Torniamo alla visibilità degli chef: la cucina ha preso una strada estetizzante e poco attiva sul piano politico, è diventata troppo pop?
Penso che sia importante dare visibilità alle persone che preparano il cibo che troviamo nei nostri piatti. Dobbiamo fare un passo indietro però: dobbiamo cominciare a parlare del trasporto del cibo, della distribuzione, dell’agricoltura, della terra, dei processi meccanici e tecnologici coinvolti… Quando parliamo di cibo, consideriamo sempre una parte irrisoria della questione. Dietro quello che metto in menu c’è tutto un mondo che non traspare. E un ingrediente può essere buono solo se tutti questi altri processi sono trattati nel modo giusto. Poi certo, sono una chef, ovvio che sono contenta che il mio ruolo sia riconosciuto di più, come sarei contenta di veder riconosciuto di più il contributo di chi è venuto prima di me nel mestiere e non ne ha avuta la possibilità. Ma niente di tutto questo esisterebbe se non ci fosse la catena della distribuzione, eccetera. Vorrei ci fosse più educazione alimentare a tutto tondo. Naturalmente parlo di quello che vedo negli Stati Uniti, dove davvero poche persone sanno da dove venga il cibo: sì, lo sciroppo d’acero viene da una pianta che si chiama acero, e gli chef possono far passare questo messaggio, specialmente se agiamo come una collettività.

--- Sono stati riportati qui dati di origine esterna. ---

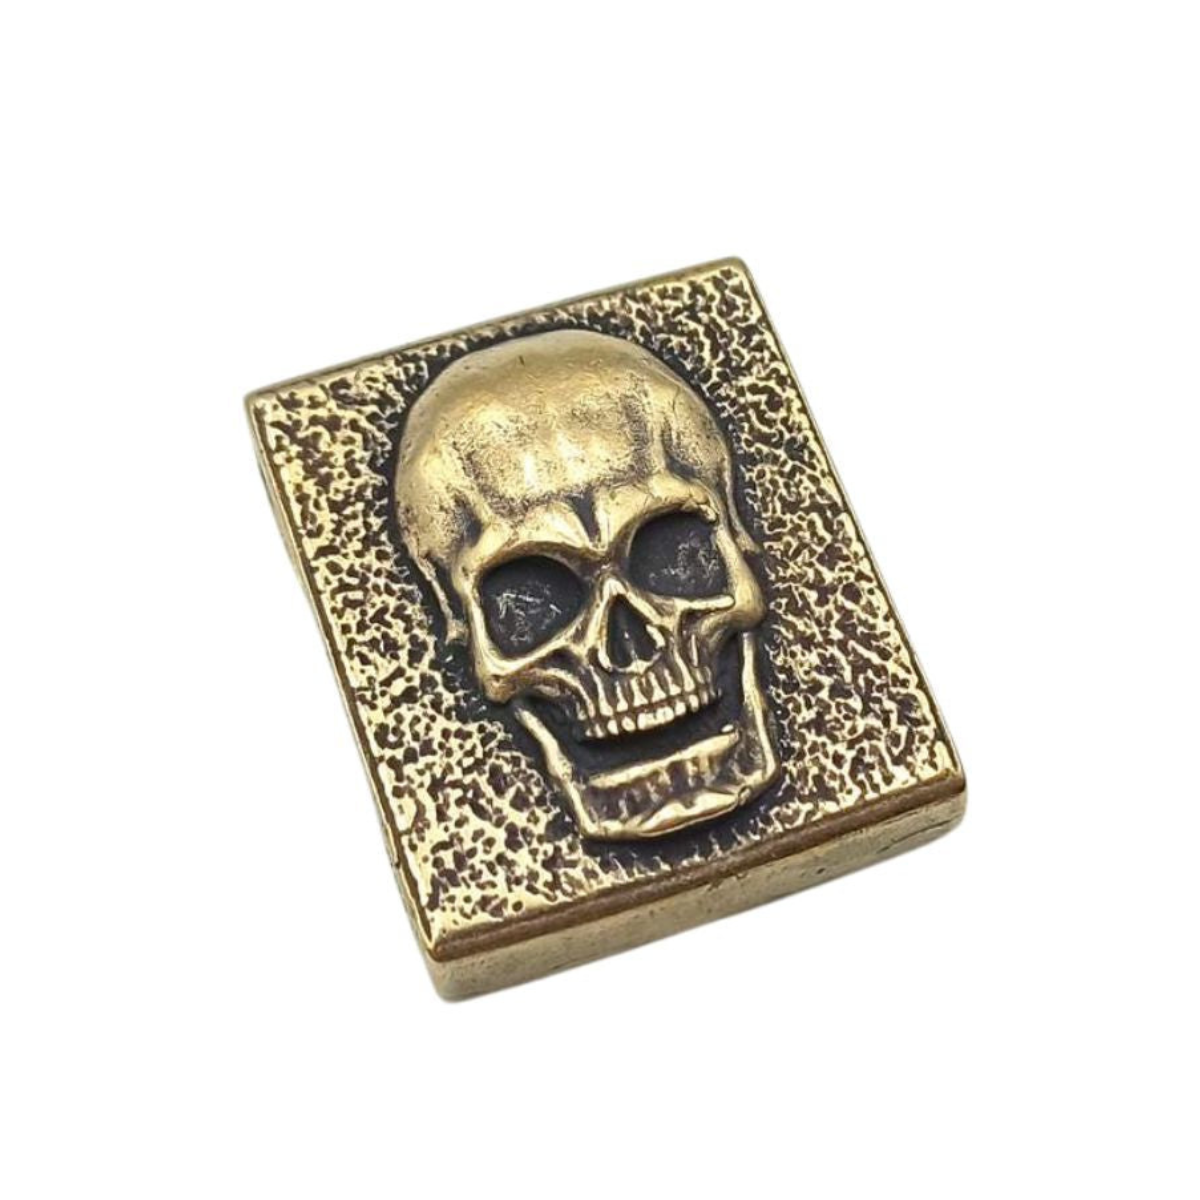 Human Skull Molle Clip Metal Edc Gear Patch 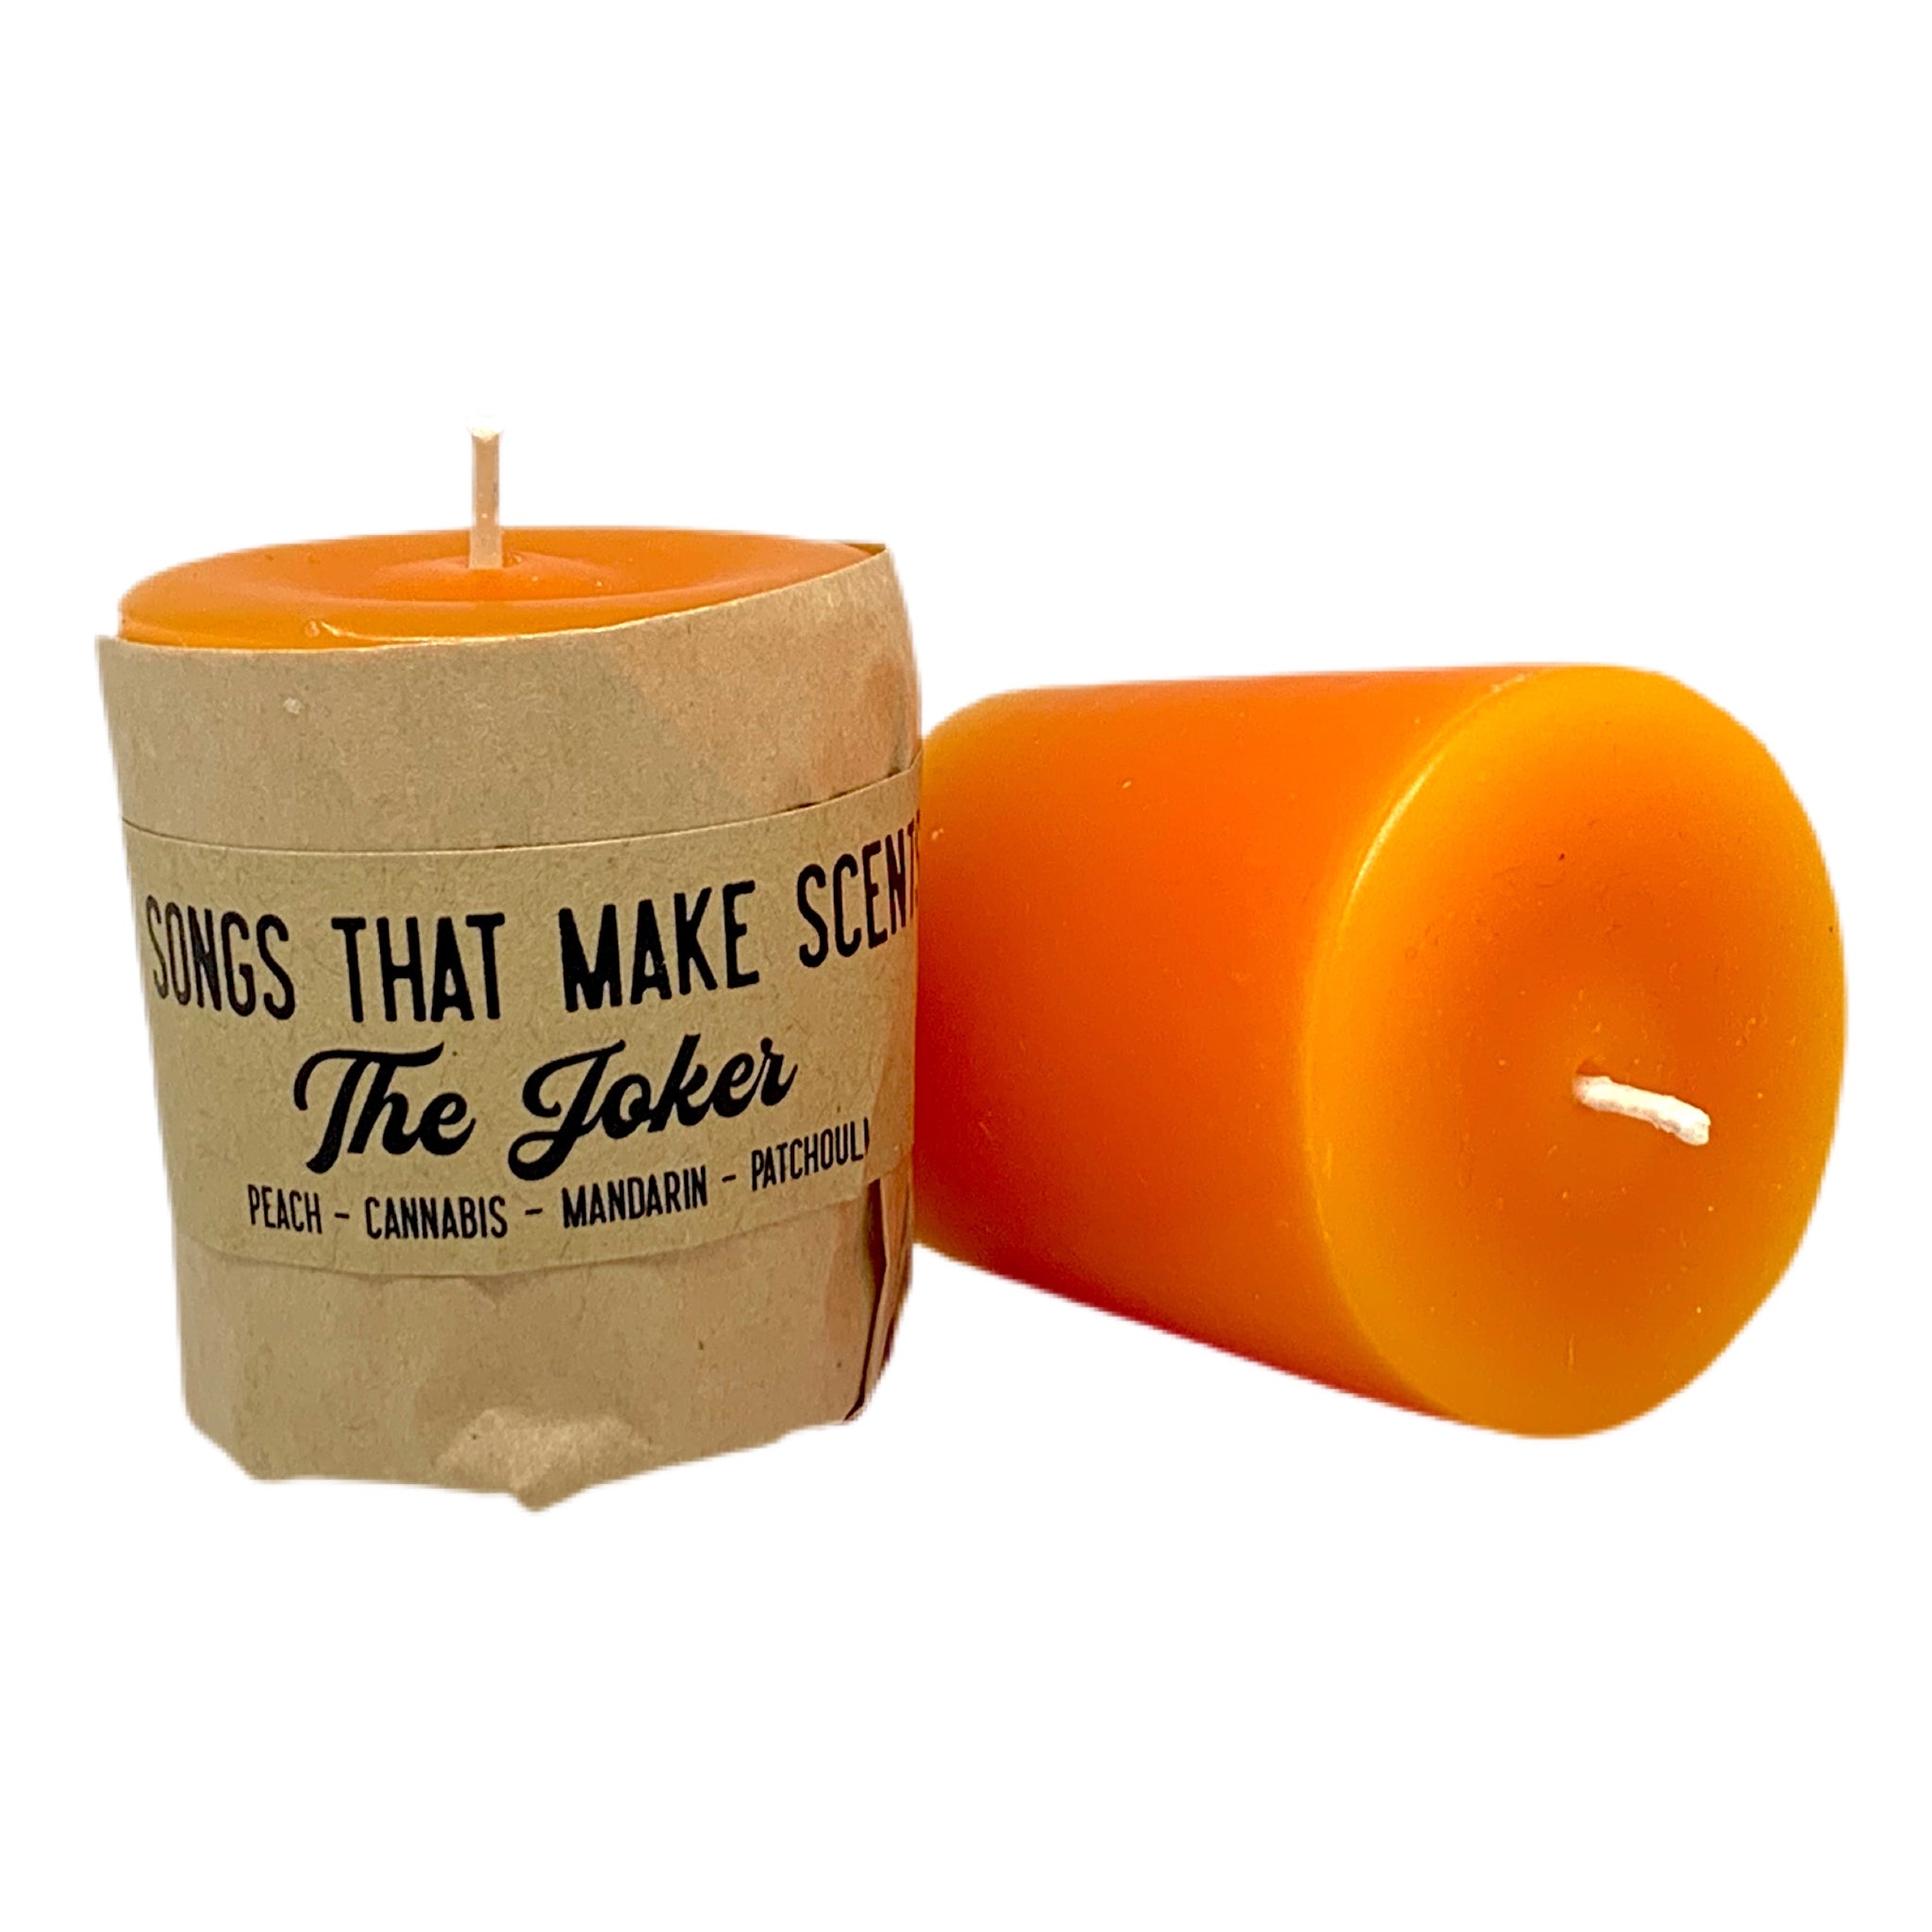 The Joker Scented Votive Candles by Songs That Make Scents

Parlando di messaggi importanti: che cosa vuol dire essere una donna in cucina oggi?
La mia vita sarebbe certamente più semplice se fossi un uomo in cucina. In primis sarei meno stressata, perché mi preoccuperei meno e per meno cose. Credo che gli uomini non debbano preoccuparsi di molte cose per le donne invece nutrono molta ansia. La conversazione è ampia, riguarda temi come l’inclusione e la diversità in cucina, le cose sono migliorate negli ultimi anni ma la strada è ancora lunga. Il cambiamento sta avvenendo, lo si nota nelle shortlist dei premi, nella Guida Michelin. Quanto sia ancora da fare lo si nota parlando con le persone: se chiedi a qualcuno di dirti il nome di uno chef, è molto probabile che dicano, per esempio, Gordon Ramsay. È una conversazione stretta, ed è un problema soprattutto per le donne con un background diverso da quello occidentale, è soprattutto la loro visibilità a risentirne. È un discorso culturale perché si parla di cibo, e il cibo è cultura, è legato alla nostra geografia emotiva e fisica, alla nostra storia.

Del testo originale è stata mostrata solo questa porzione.